- Dataset extract -
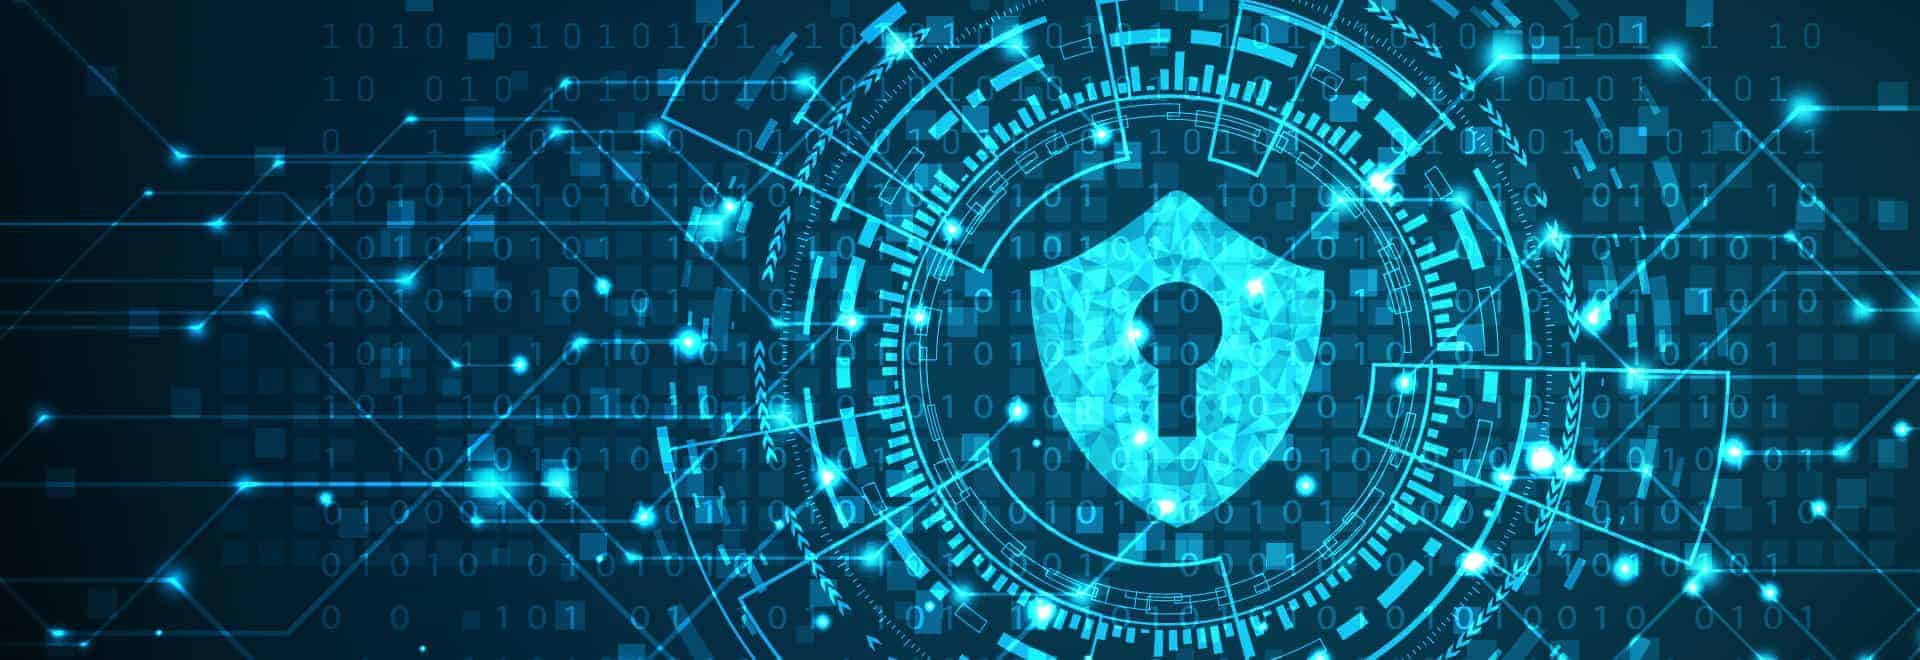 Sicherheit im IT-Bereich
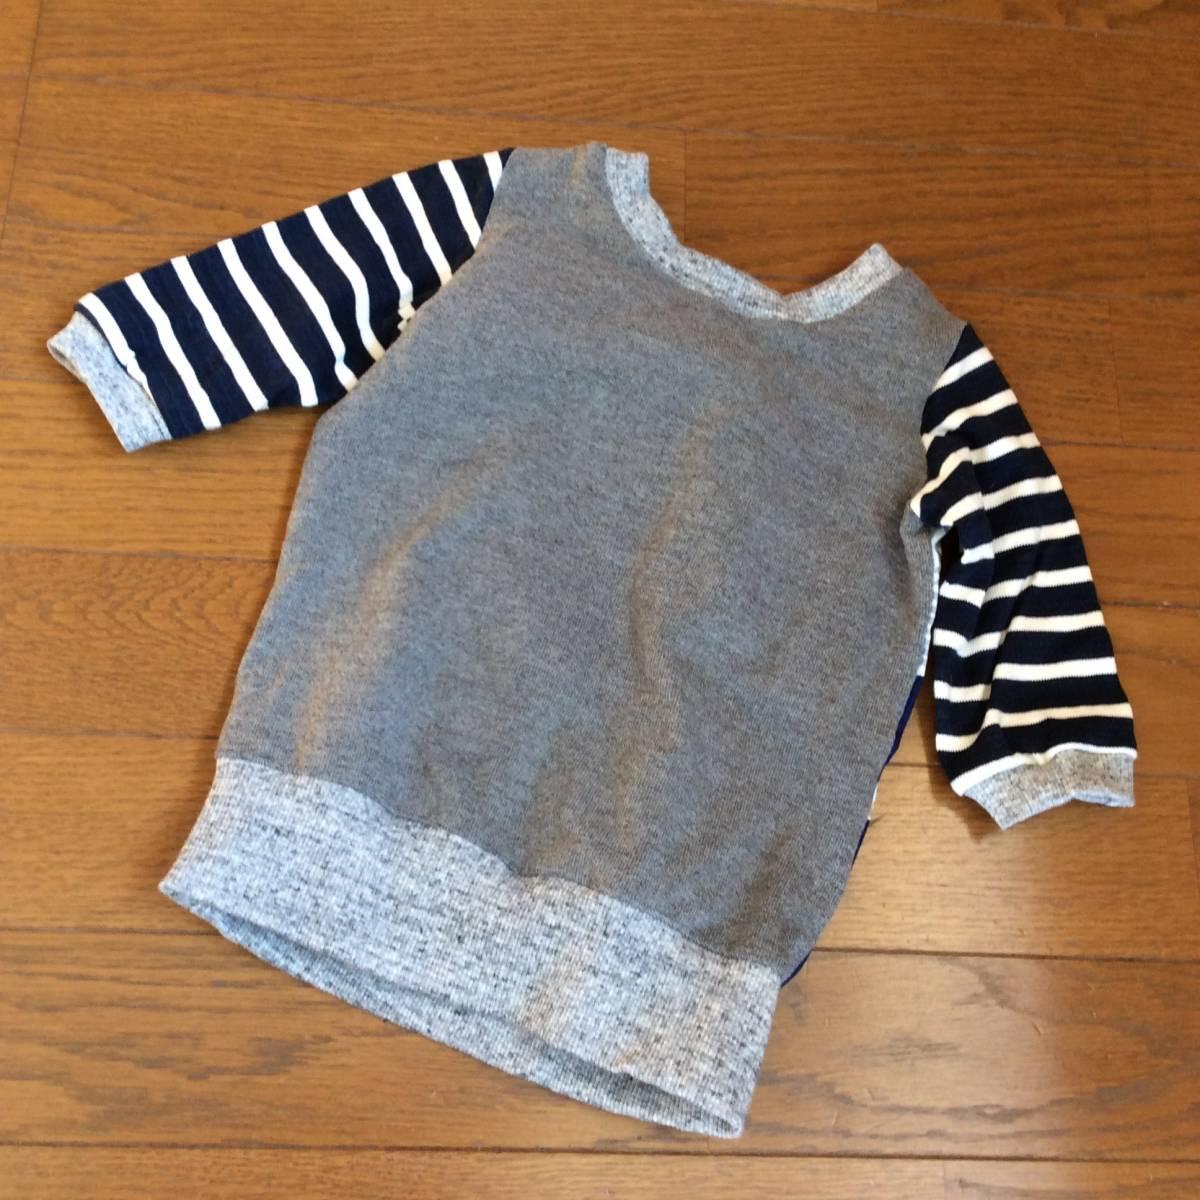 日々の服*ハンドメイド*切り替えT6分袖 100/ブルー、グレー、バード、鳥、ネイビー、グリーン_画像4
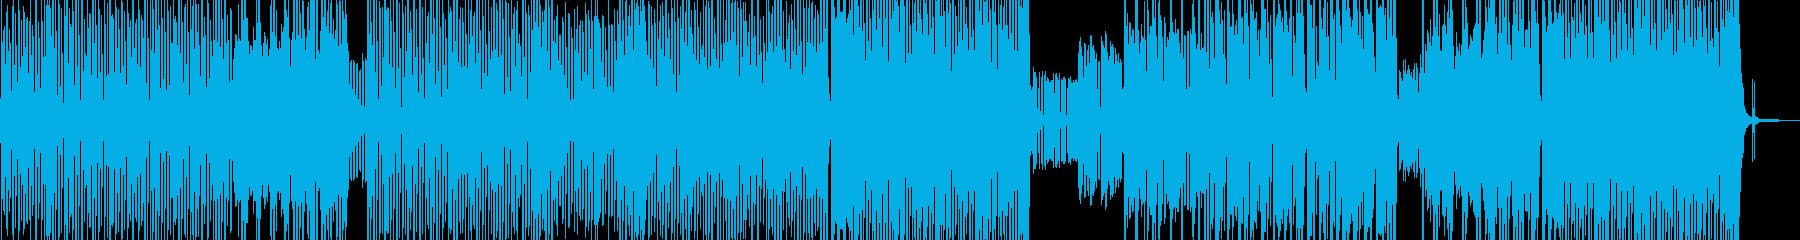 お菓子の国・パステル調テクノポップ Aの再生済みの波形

...

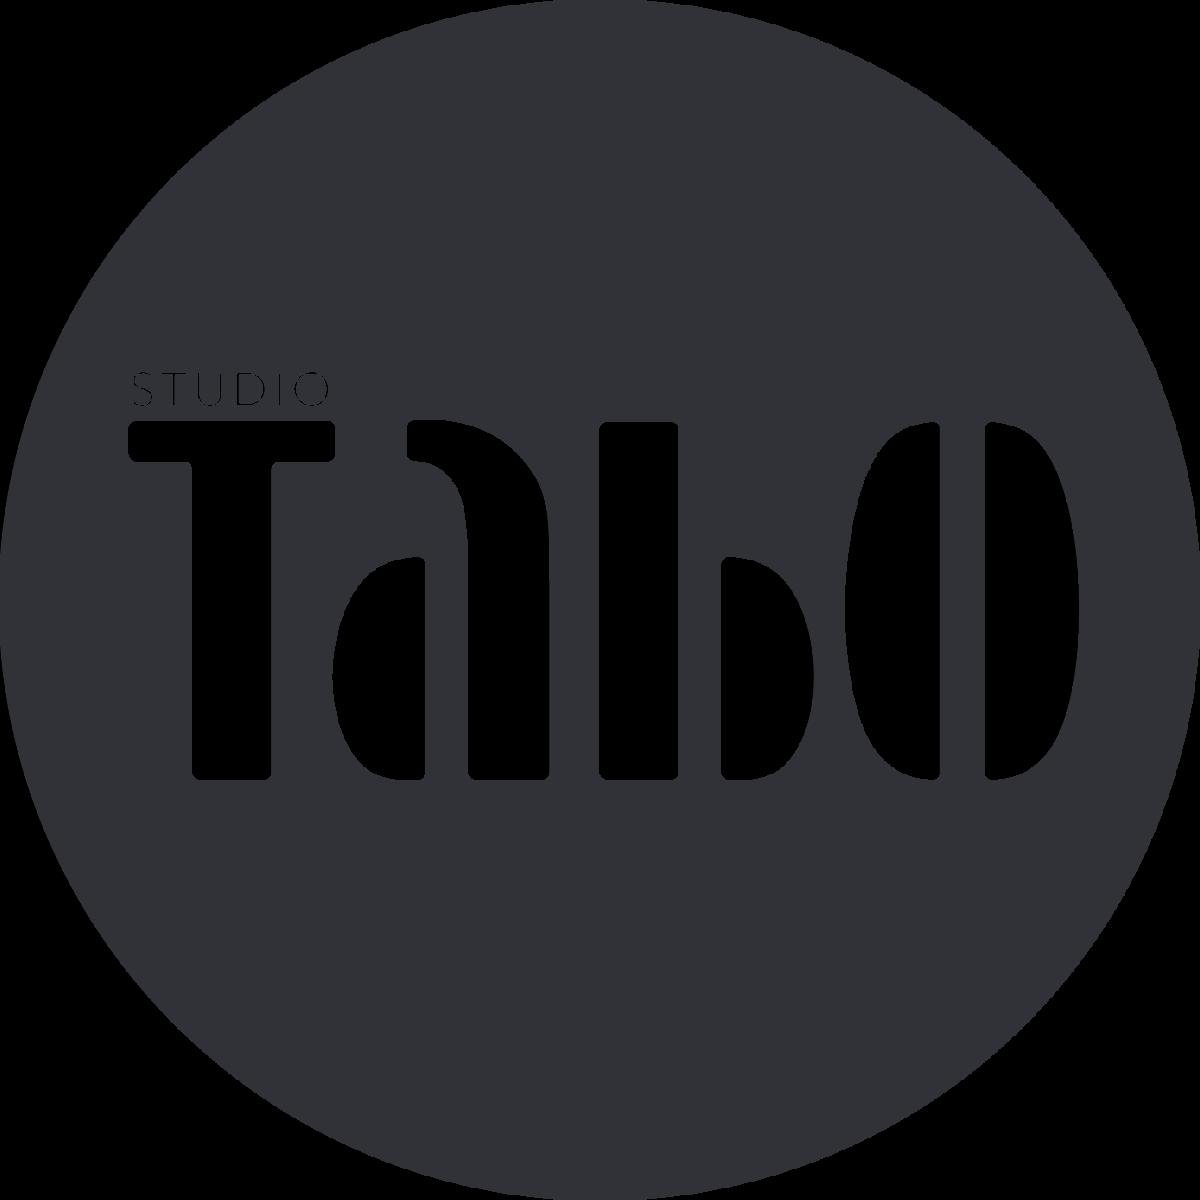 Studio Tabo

* * *

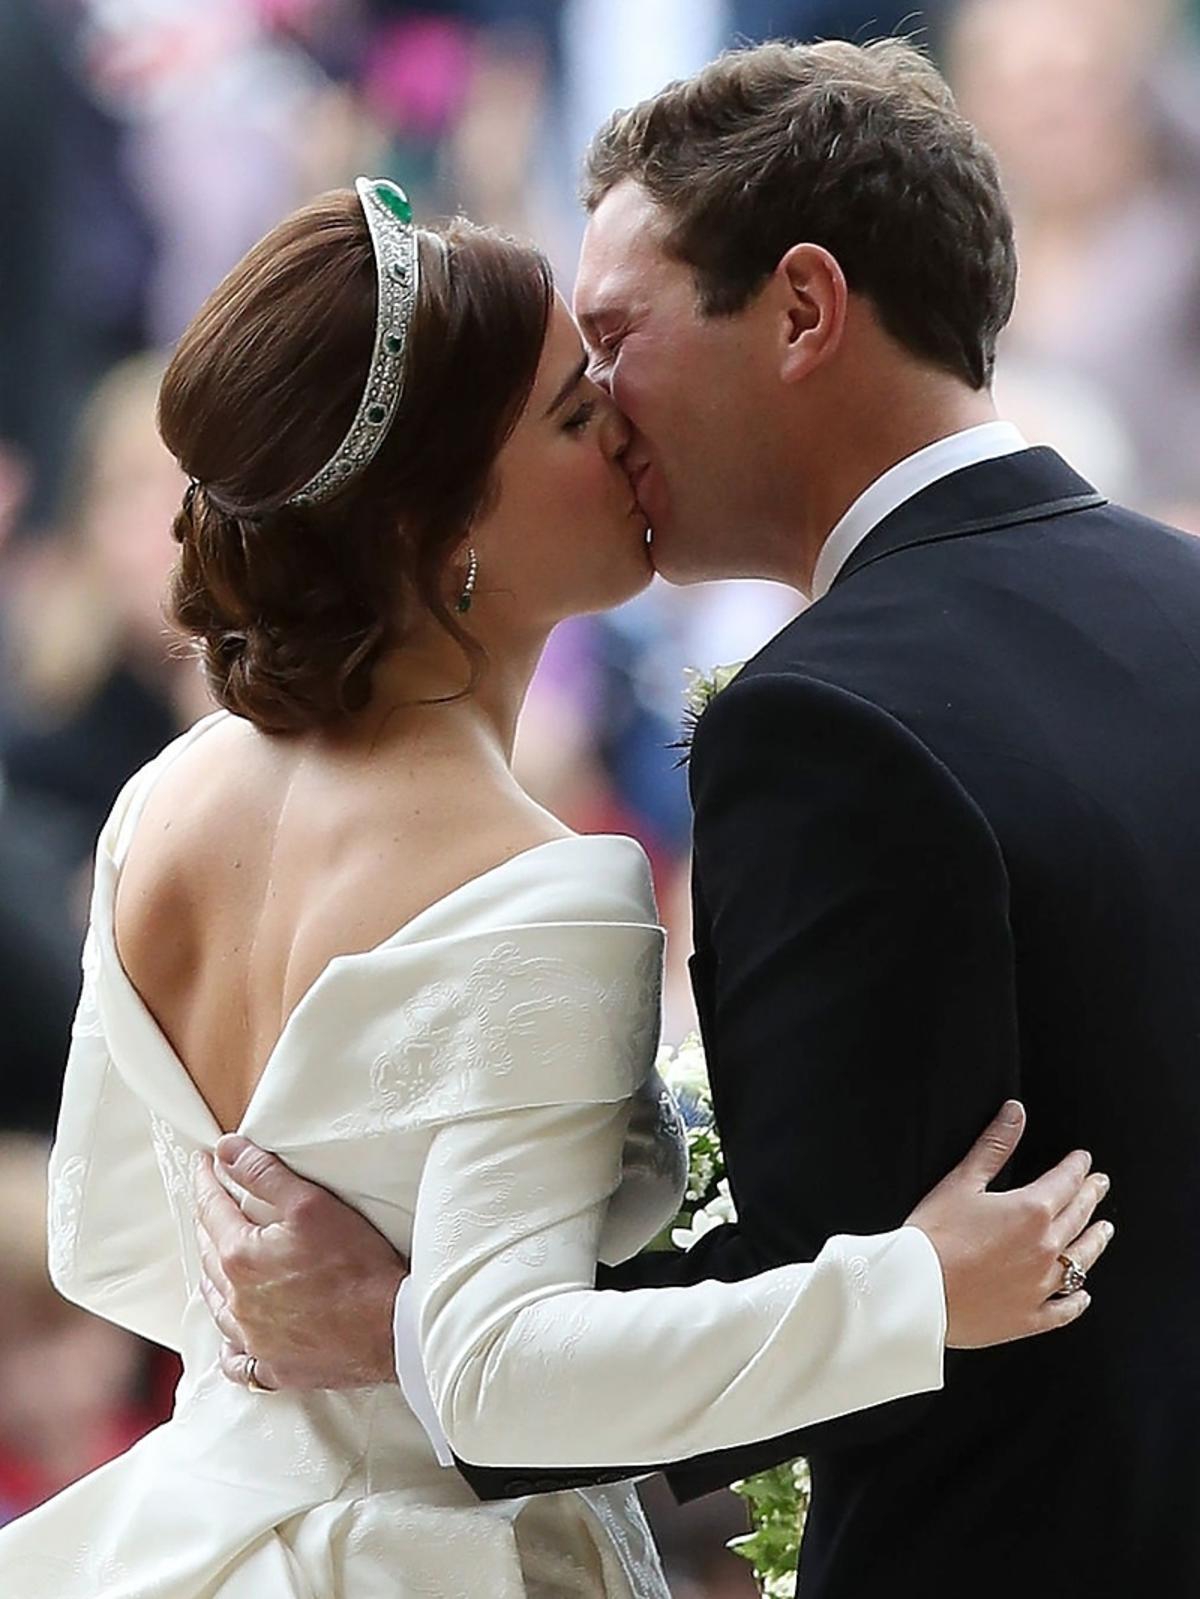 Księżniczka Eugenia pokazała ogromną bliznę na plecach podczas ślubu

- Problem -
From the records above, give again only the part that opens with the line containing "Sicherheit im IT-Bereich" and closes with the line containing "お菓子の国・パステル調テクノポップ Aの再生済みの波形". Keep both ends but drop the pictures.

- Task response -
 Sicherheit im IT-Bereich
 日々の服*ハンドメイド*切り替えT6分袖 100/ブルー、グレー、バード、鳥、ネイビー、グリーン_画像4
 お菓子の国・パステル調テクノポップ Aの再生済みの波形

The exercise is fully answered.